Los laureles del fracaso, por Sergio del Molino
Leo en el muro de Facebook del escritor Miguel Serrano Larraz (autor de ‘Autopsia’, una novela que deberían leer): «Todos esos escritores a los que el fracaso se nos sube a la cabeza». Al principio me apenó. Le mandé un abrazo. ¿Estás bien, Miguel?, le pregunté. Miguel y yo quedamos de vez en cuando a tomar un café de media mañana en un bar cerca de mi casa. En frente hay un instituto, y los profesores que a esa hora se escapan entre clases para apurar un cortado y echar un pitillo nos miran con ganas de degollarnos: parecemos demasiado felices, hablando de los últimos libros que hemos leído y de lo que andamos escribiendo, y ellos detestan demasiado el aula a la que deben regresar en dos caladas. Hace tiempo que no tomamos uno de esos cafés y me pregunté si le vendría bien.
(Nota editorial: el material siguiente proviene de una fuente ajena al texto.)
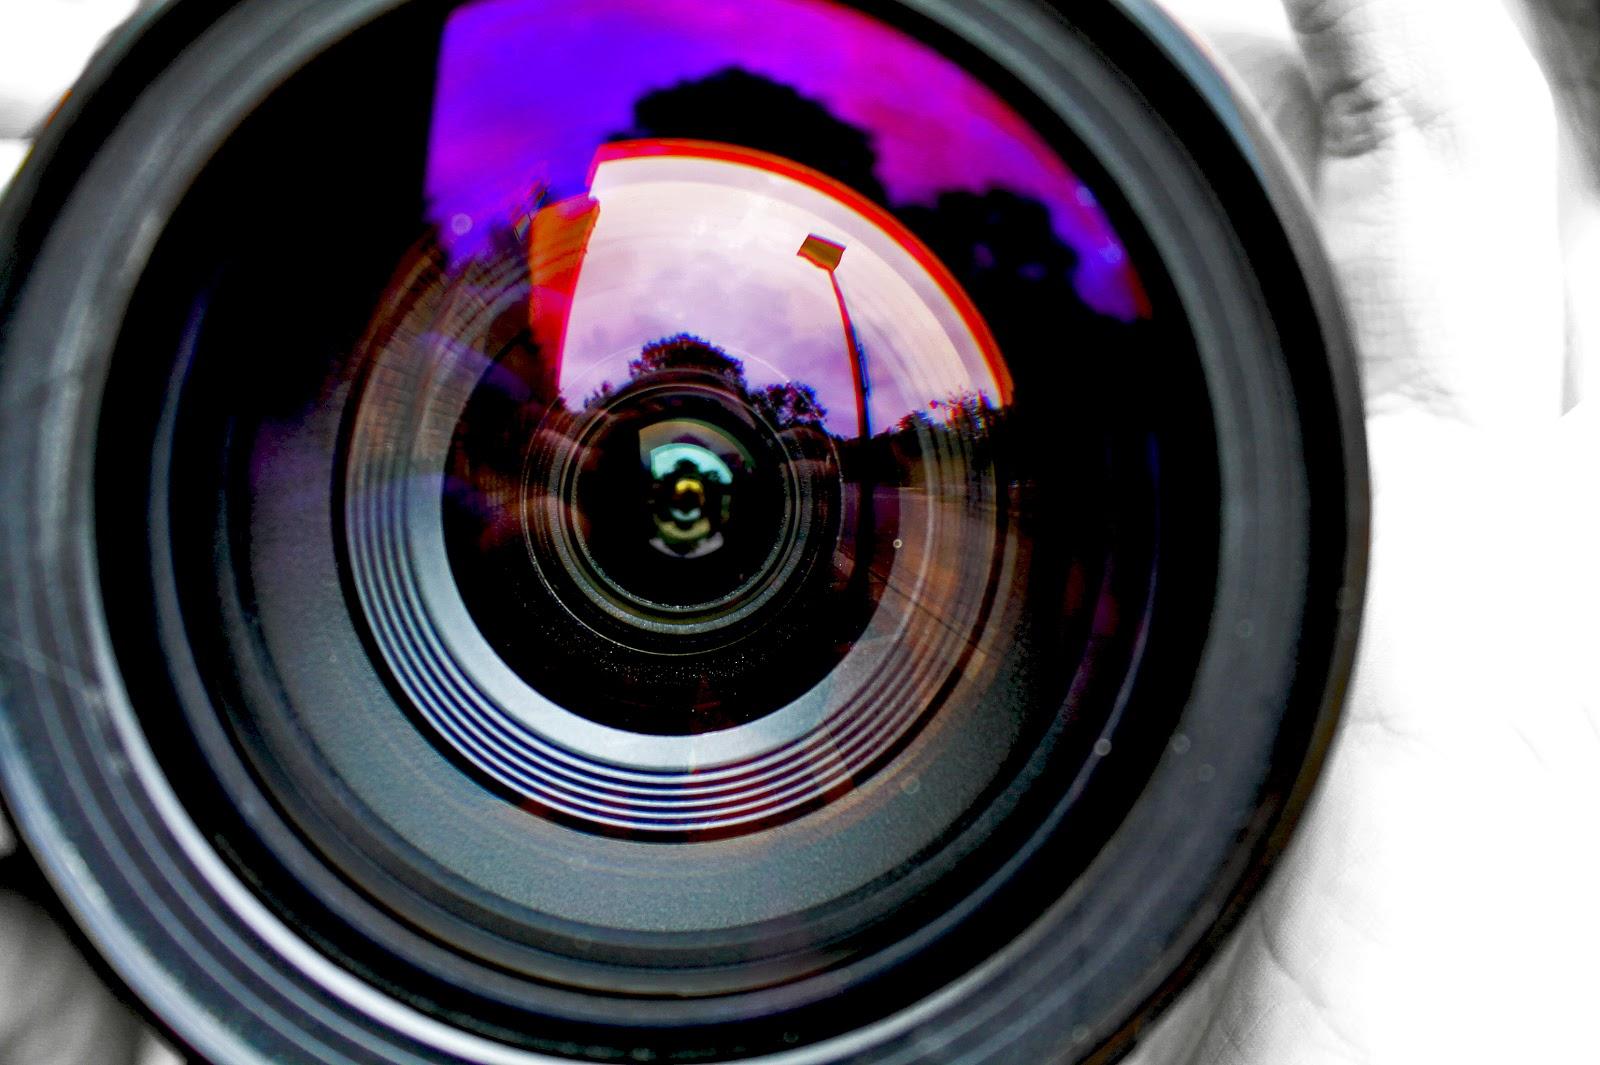 camera-lenses-wallpapers.jpg

¿Cómo se le baja a alguien el fracaso de la cabeza? Miguel no lo necesita, claro, porque su comentario era una ironía, pero una ironía con muchos kilos de TNT en su carga, de esas que explotan a la profundidad de navegación de los submarinos.
Yo no sabría expresarlo mejor. Hay escritores que se acomodan en el fracaso. Si el éxito (de forma involuntaria, accidental y absolutamente en contra de sus esfuerzos por fracasar) se tropezara con ellos, no sabrían cómo vivirlo. Sus amigos, los otros escritores con el fracaso subido, los considerarían unos traidores, y ellos mismos se sentirían traicionados y violados en lo más íntimo.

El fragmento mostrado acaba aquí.